Надо сказать, что впоследствии, уже серьезно занимаясь историей, я узнал, что генерал Корнилов был одним из главных участников февральского переворота, что он лично арестовал царскую семью, что он наградил Георгиевским крестом одного мерзавца, который организовал убийство офицера. Именно с того выстрела, между прочим, идет отсчет революции. Повязанные кровью, солдаты вышли на улицу, начали поднимать другие полки и так далее. Так что, понимаете, тогдашнее "диссидентство" происходило во многом даже от невежества. Но, я думаю, что любой мыслящий человек должен был через это пройти — в той или иной мере.
С каких-нибудь 14-15 лет я очень серьезно изучал историю России — конечно, для своего возраста серьезно. У меня была написана (к сожалению, впоследствии она затерялась) моя собственная "История Москвы". Меня окружало несколько одаренных и мыслящих молодых людей, школьников. В частности, в последние годы войны мы с моим другом Николаем Запениным, увы, рано погибшим в авиационной катастрофе, обошли всю Москву целиком — разумеется, в тогдашних пределах, в пределах застав, и все подмосковные усадьбы: Кусково, Коломенское и прочие. И я тогда научился почти со стопроцентной точностью назвать десятилетие, в котором построено то или иное московское здание, хотя, может быть, я вижу его в первый раз. Мы очень серьезно изучали архитектуру, то замкнутое пространство, в котором, собственно, и совершалась вся жизнь города.

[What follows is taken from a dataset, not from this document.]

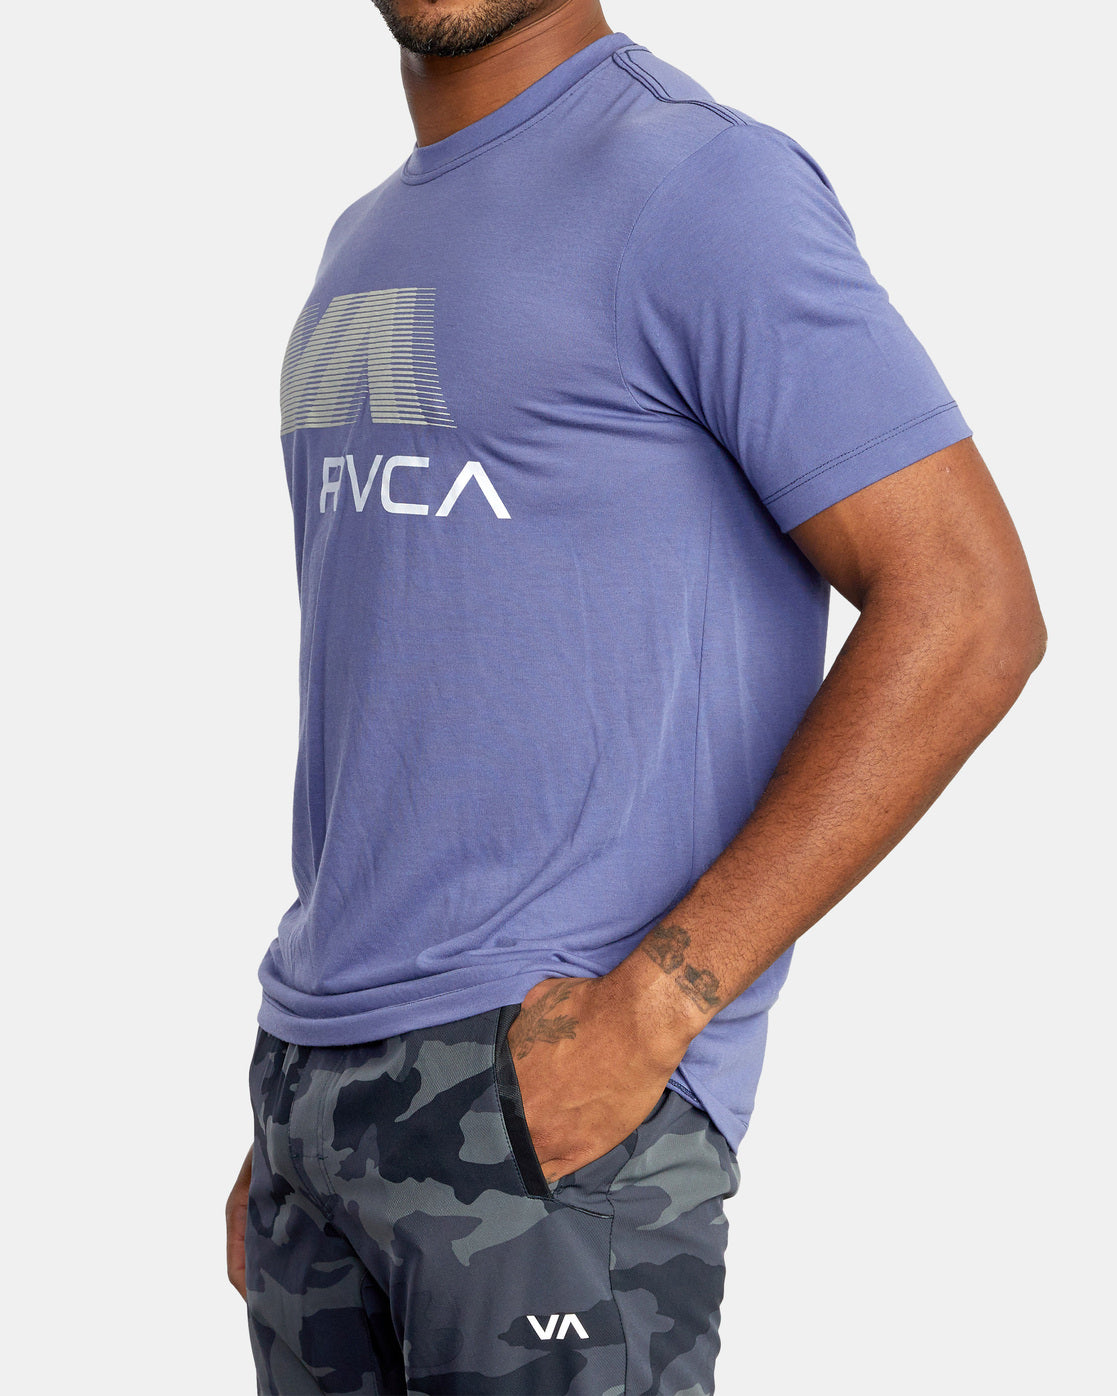 VA RVCA Blur - T-Shirt for Men
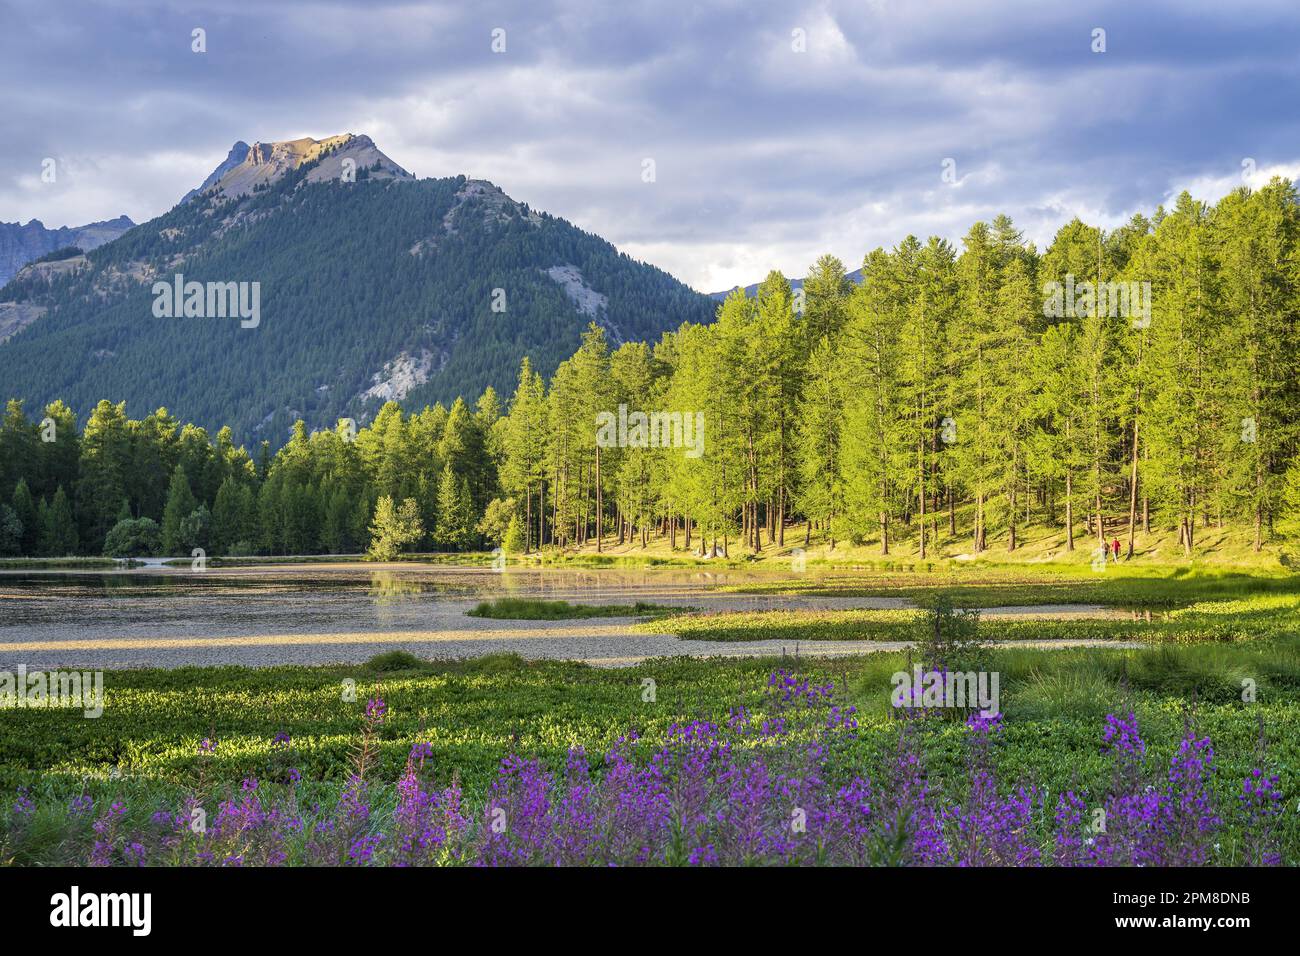 France, Hautes-Alpes, Réserve naturelle régionale de Queyras, lac de Roue (1854 m) entourée d'une forêt de Larch (Larix decidua) Banque D'Images

Корр. А как это занятие было связано тогда с вашими представлениями о дальнейшей жизни? Что за атмосфера такая была, которая вас заставляла бродить по Москве, изучать ее архитектуру?
В.К. На этот вопрос очень трудно ответить. Возможно, сыграло свою роль то, что было несколько человек, может быть, чем-то похожих на "мальчиков" Достоевского, которые разделяли этот интерес. Возможно, это изучение своей культуры было связано с неизбежно поднявшимися во время войны патриотическими чувствами. Хотя я, впрочем, не чурался и западной культуры, и к 16 годам был достаточно хорошо осведомлен в европейской литературе и так далее.
Большую роль в моем становлении, когда мне было лет 14, сыграл Игорь Сергеевич Павлушков. Это был человек из богатой купеческой семьи, после революции, естественно, ничего у него не осталось. Он учился в знаменитом Брюсовском институте — был такой предшественник Литературного института, и он знал всех лично — от Цветаевой, Мандельштама и Брюсова до Есенина, сам писал стихи — не скажу, что высокого уровня, но неплохие. С ним случилось несчастье — он оглох полностью и обычно общался через записки на бумаге. Из-за этого, кстати, у него испортилась речь — он стал говорить неразборчиво, косноязычно. И он стал нищим, самым настоящим нищим. Не бомжем — у него была какая-то клетушка под Москвой. Но доходило до того, что он в пригородных поездах собирал милостыню. И вот этот человек пытался открывать молодые поэтические дарования. Он ходил по школам с соответствующей бумагой, где Маршак, который сделал ему такое одолжение, просил оказывать всяческое содействие.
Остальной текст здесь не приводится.